MapReduce / SVM

Question 1

Suppose our input data to a map-reduce operation consists of integer values (the keys are not important). The map function takes an integer i and produces the list of pairs (p,i) such that p is a prime divisor of i. For example, map(12) = [(2,12), (3,12)]. The reduce function is addition. That is, reduce(p, [i1, i2, ..., ik]) is (p, i1 + i2 +...+ ik). Compute the output, if the input is the set of integers 15, 21, 24, 30, 49.


In [1]:
from collections import defaultdict
import math

# determine if an integer n is a prime number
def isPrime(n):
    if n == 2:
        return True
    if n%2 == 0 or n <= 1:
        return False
    sqr = int(math.sqrt(n)) + 1
    for divisor in range(3, sqr, 2):
        if n%divisor == 0:
            return False
    return True

# Output the prime divisors of each integers
reduce = defaultdict(list)
def map(integer):
    output = []
    for i in range(2, integer):
        if isPrime(i) and integer%i == 0:
            output.append(i)
    return output

# Input list of integers
integer = [15, 21, 24, 30, 49]

# Print every integer and its prime divisor(s)
# eg. The prime divisors of 15 are 3 & 5
for n in integer:
    print "Integer:", n
    primeDivisor = map(n)
    print "Prime divisor(s):", primeDivisor
    for key in primeDivisor:
        reduce[key].append(n)


Integer: 15
Prime divisor(s): [3, 5]
Integer: 21
Prime divisor(s): [3, 7]
Integer: 24
Prime divisor(s): [2, 3]
Integer: 30
Prime divisor(s): [2, 3, 5]
Integer: 49
Prime divisor(s): [7]

In [2]:
for key, values in reduce.items():
    print "prime divisor and the sum of integers:", key, ",", sum(values)

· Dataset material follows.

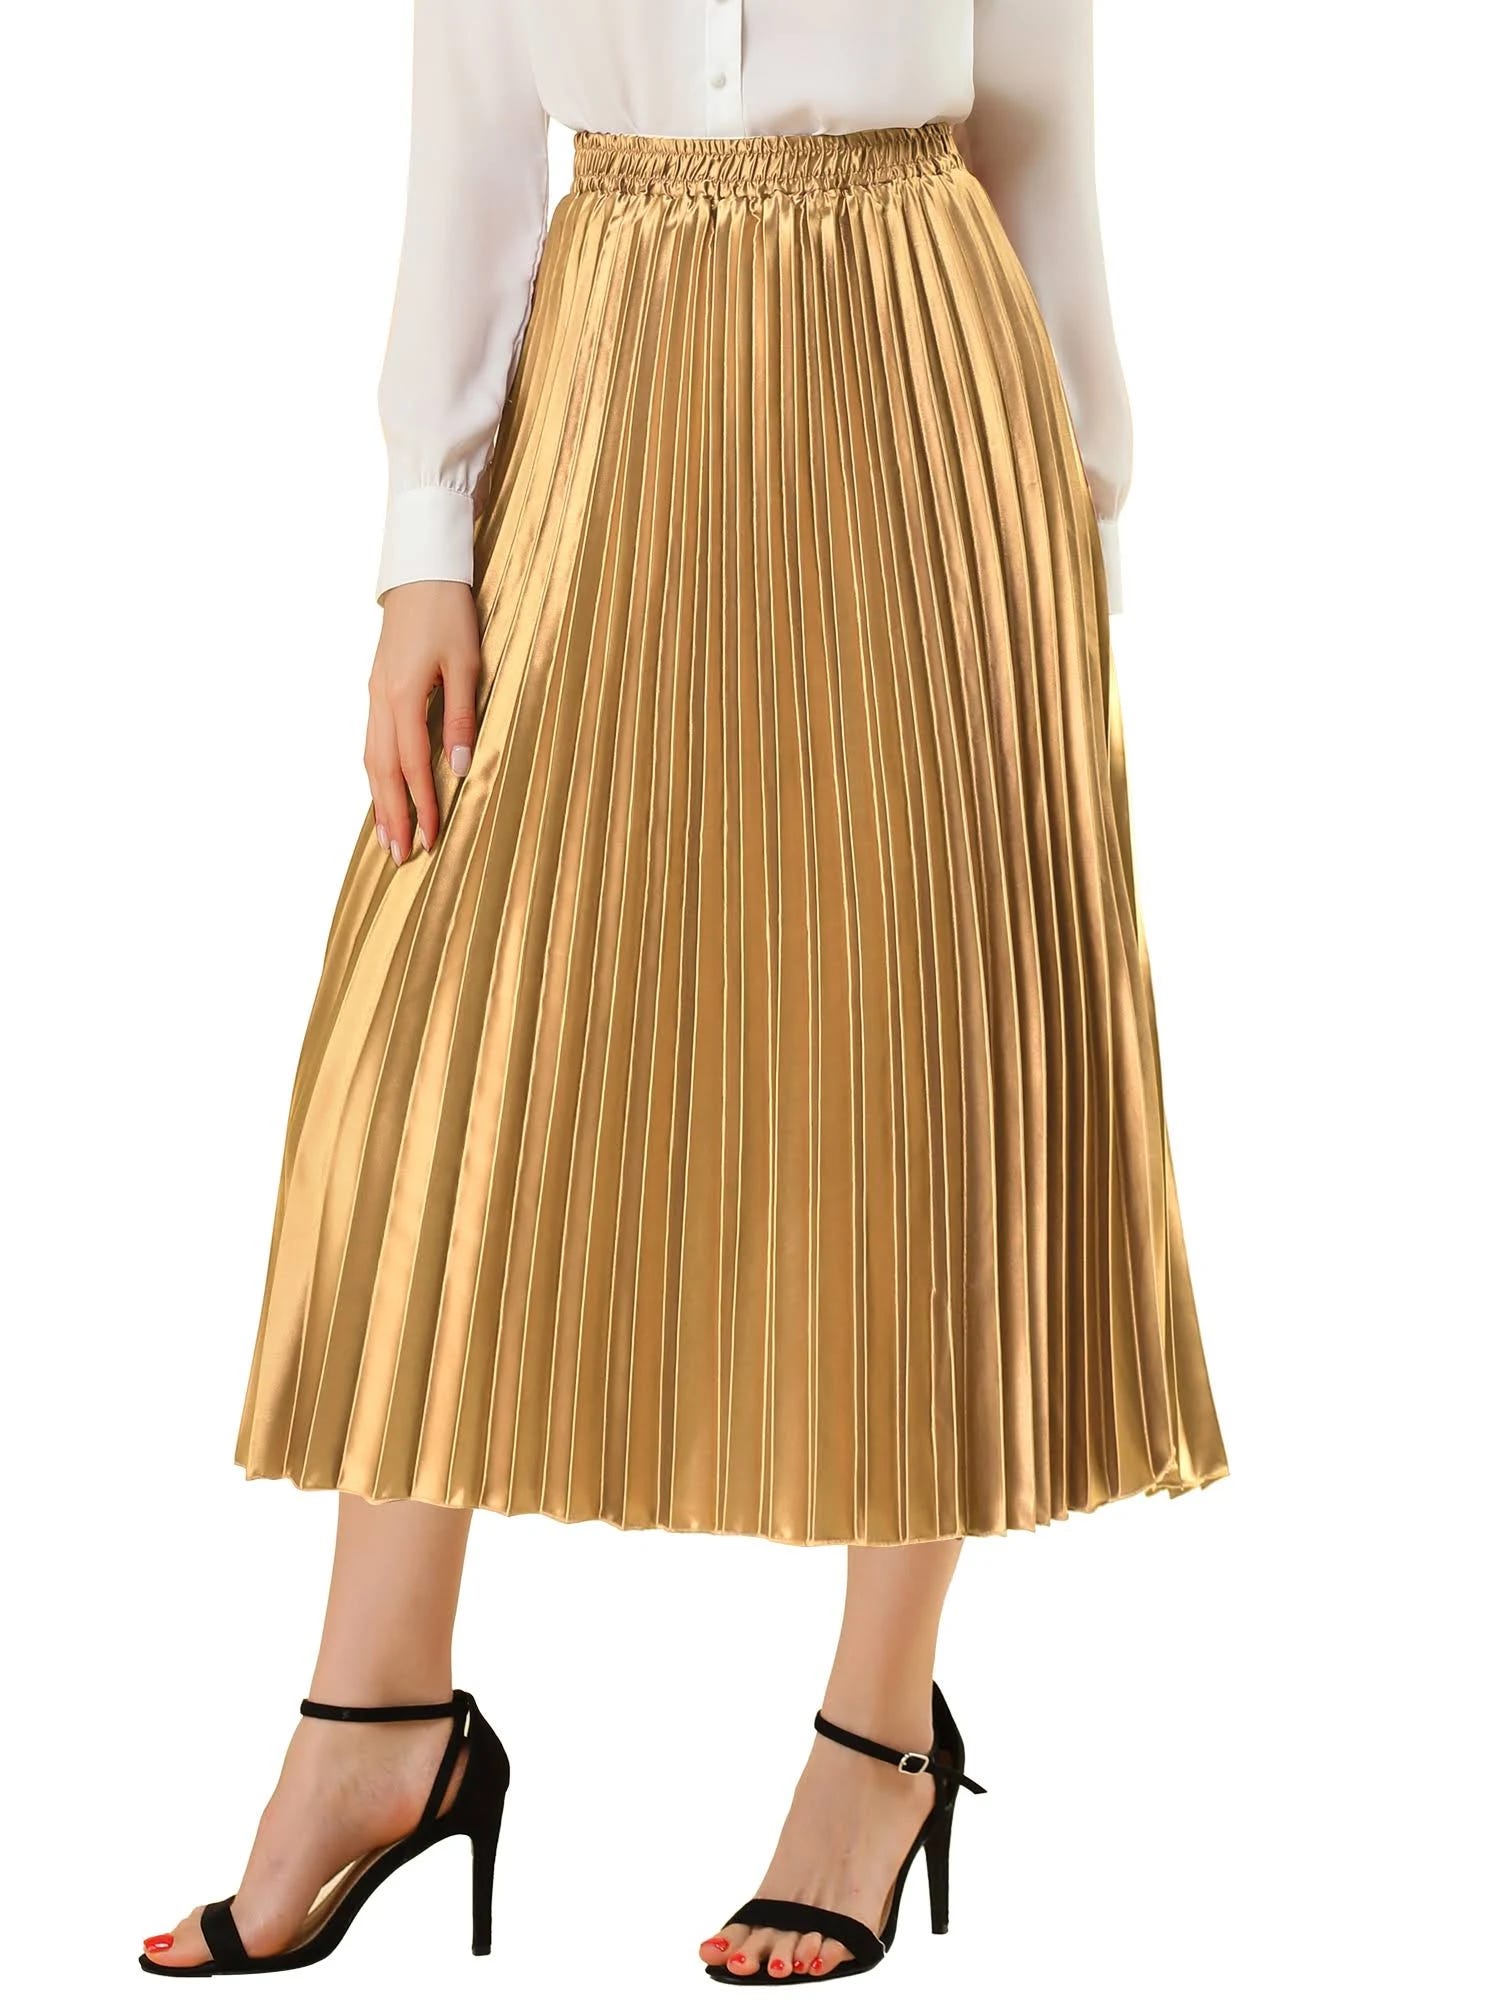 Metallic High Waist Pleated Midi Skirt for Formal Events | Image

prime divisor and the sum of integers: 2 , 54
prime divisor and the sum of integers: 3 , 90
prime divisor and the sum of integers: 5 , 45
prime divisor and the sum of integers: 7 , 70

Question 2

Use the matrix-vector multiplication and apply the Map function to this matrix and vector:

1 2 3 4 1
5 6 7 8 2
9 10 11 12 3
13 14 15 16 4

Then, identify the key-value pairs that are output of Map.


In [3]:
import numpy as np
import itertools

In [4]:
M = np.array([[1, 2, 3, 4],
              [5, 6, 7, 8],
              [9, 10, 11, 12],
              [13, 14, 15, 16],])

v = np.array([1, 2, 3, 4])

In [5]:
def mr(M, v):
    t = []
    mr, mc = M.shape
    for i in range(mc):
        for j in range(mr):
            t.append((i, M[i, j] * v[j]))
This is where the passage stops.